I thought of that response Sunday morning as I read the New York Times' account of the pope's interview with German journalist and author Peter Seewald. According to the Times, Benedict has said that there may be circumstances in which the of use of a condom might not be "condemned by the Church." According to the Times, the pope cited the example of a male prostitute as one such case: "There may be a basis in the case of some individuals, as perhaps when a male prostitute uses a condom, where this can be a first step in the direction of a moralization, a first assumption of responsibility."

At first, I found it hard to know what to make of this, but the more I thought about the pope's statement, the more it struck me as maybe the first genuinely "pro-life" utterance to come out of the his pontificate.

It may be that lives are saved as a result of these words, which is something.

Yes, it would have been far better had he said "in the case of a male prostitute or a woman in a marriage to a man with HIV/AIDS," but it is unlikely that Benedict will extend such license to women. Because a condom used primarily to prevent the transmission of AIDS prevents pregnancy secondarily, the pope will stop short of approving the use of condoms by women even though he knows women in developing nations die of complying with Vatican policies on condom use every day, in great numbers.

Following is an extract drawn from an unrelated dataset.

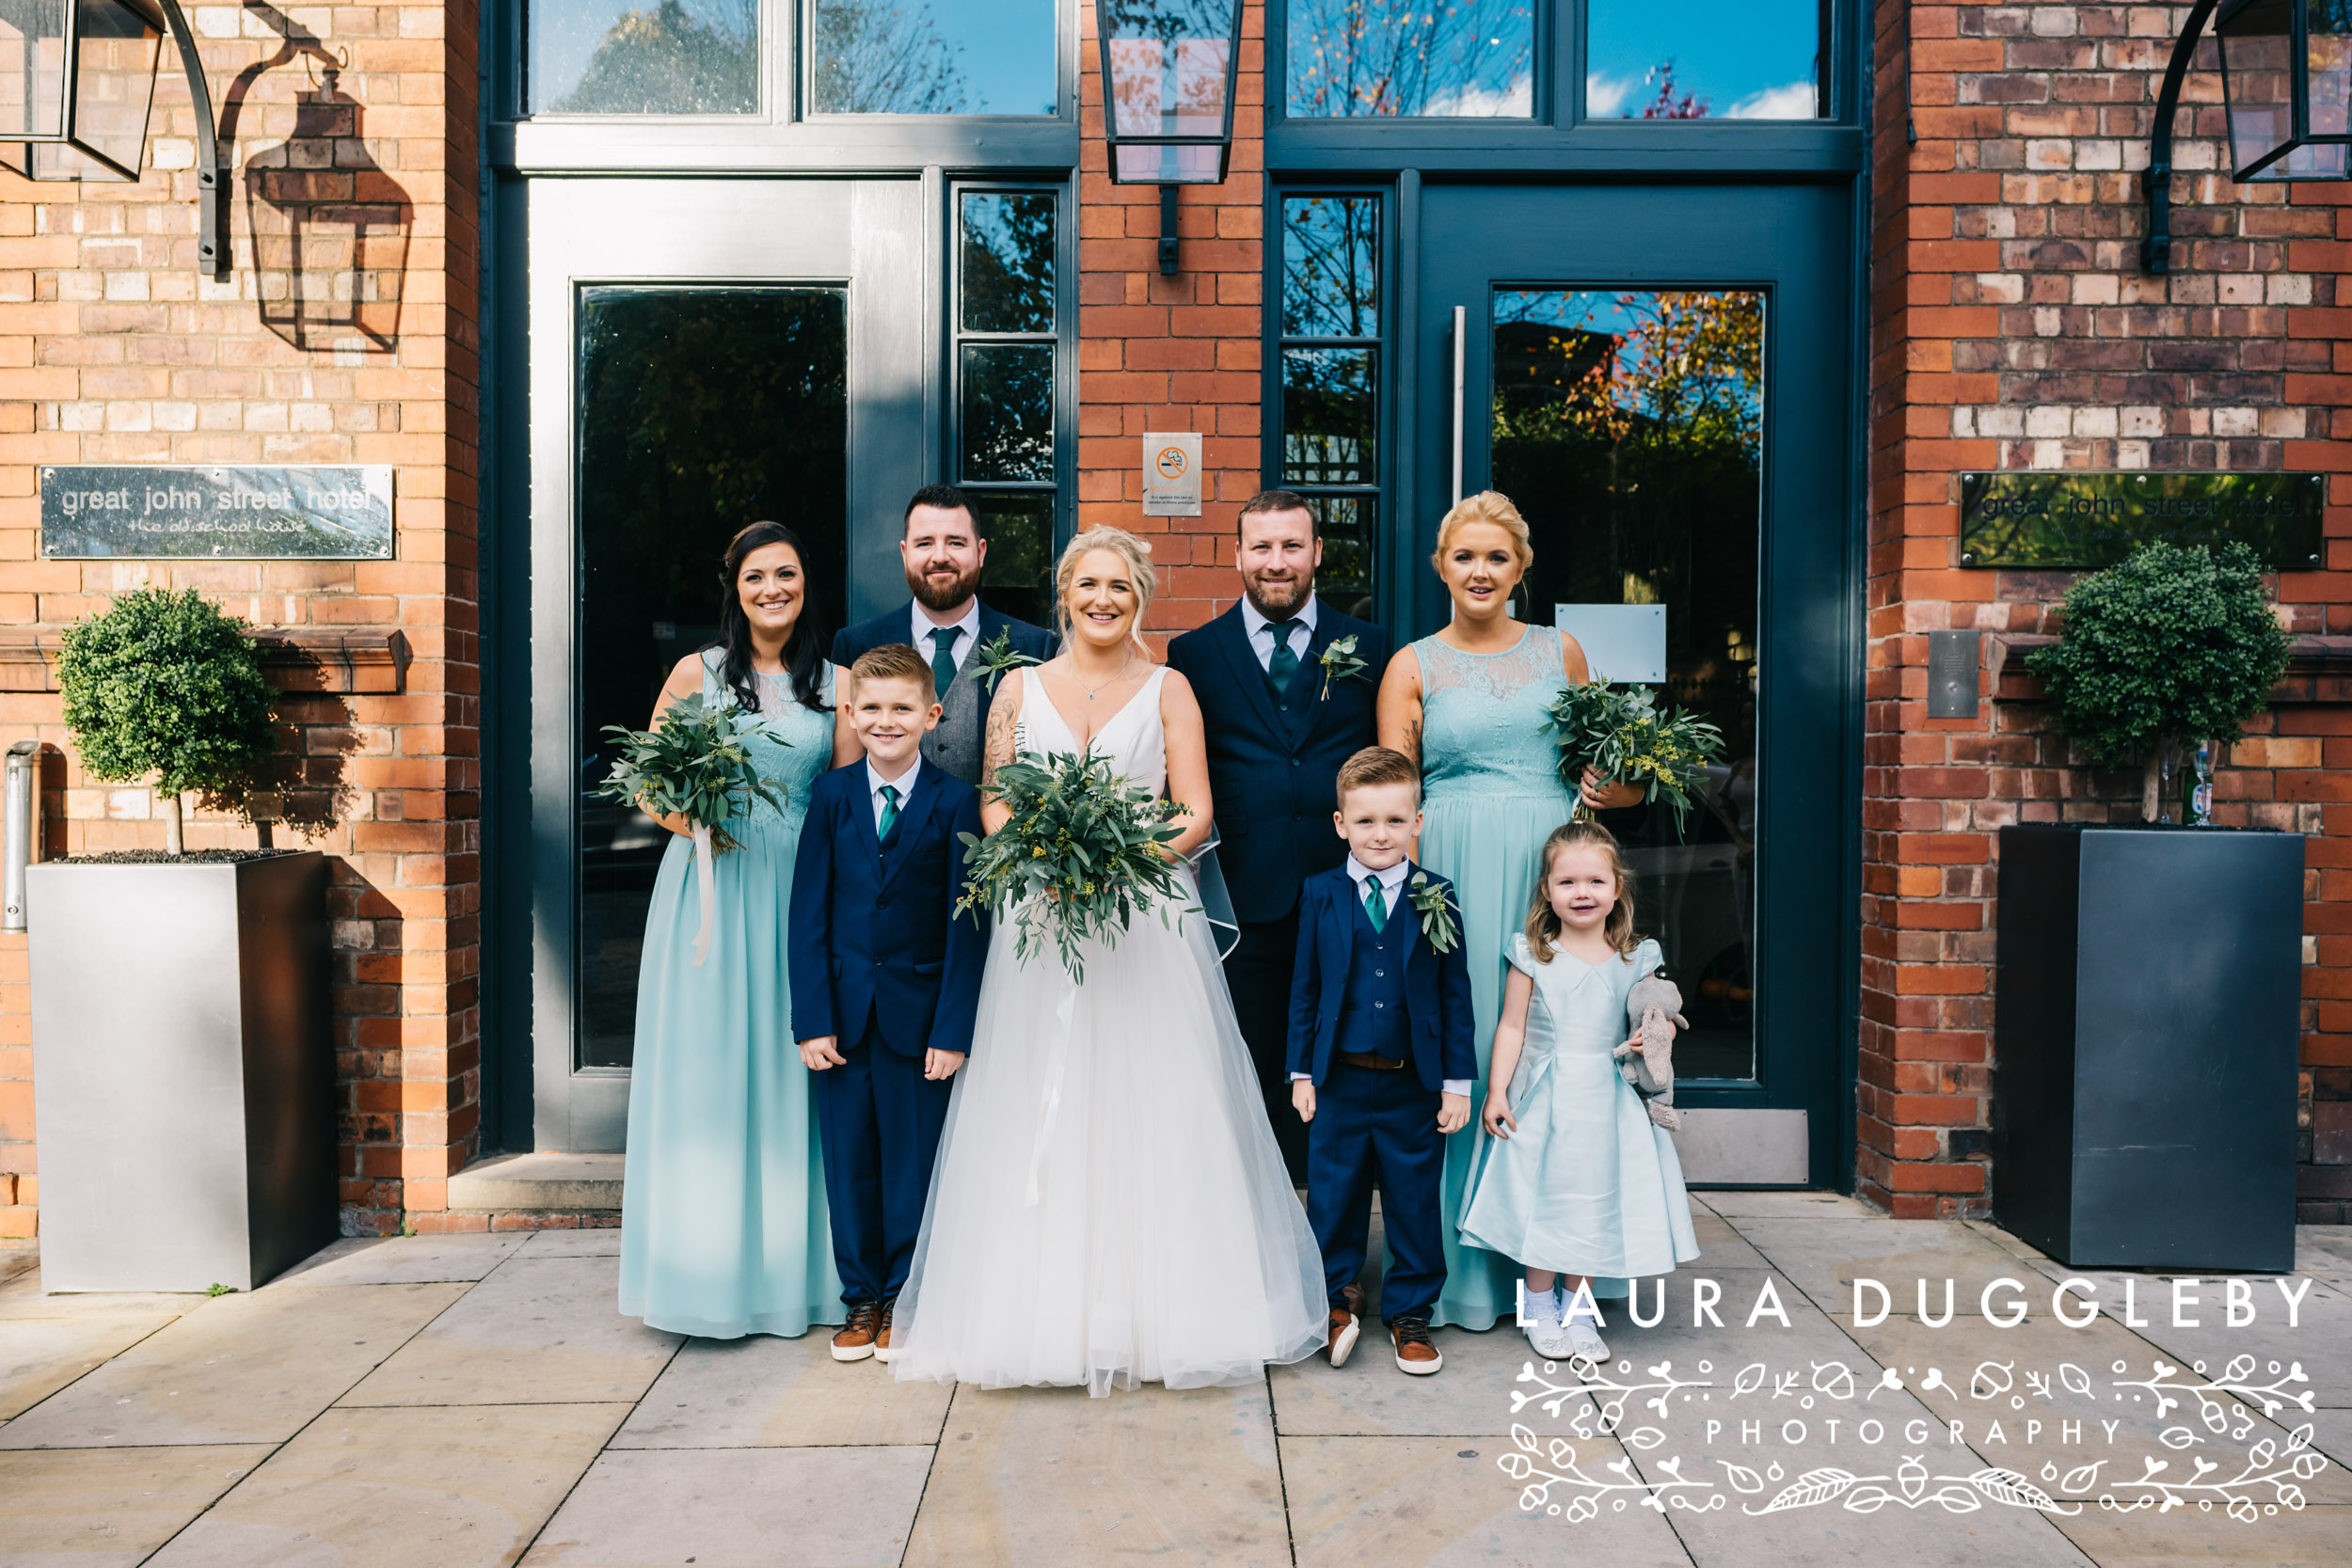 Great John Street Hotel Manchester Wedding Photographer-28.jpg

When it comes to reproductive issues, few, if any, practicing Catholic women I know comply with Catholic teaching, but many throughout the world, especially those who are uneducated and poor, do follow the rules. Because condoms save lives, any hint of loosening up in Vatican policy relative to the use of condoms must be taken as good news. Should he approve the use of condoms for male sex workers, Joseph Ratzinger put himself on the slippery slope of heading in the right direction, which is how Catholic change happens.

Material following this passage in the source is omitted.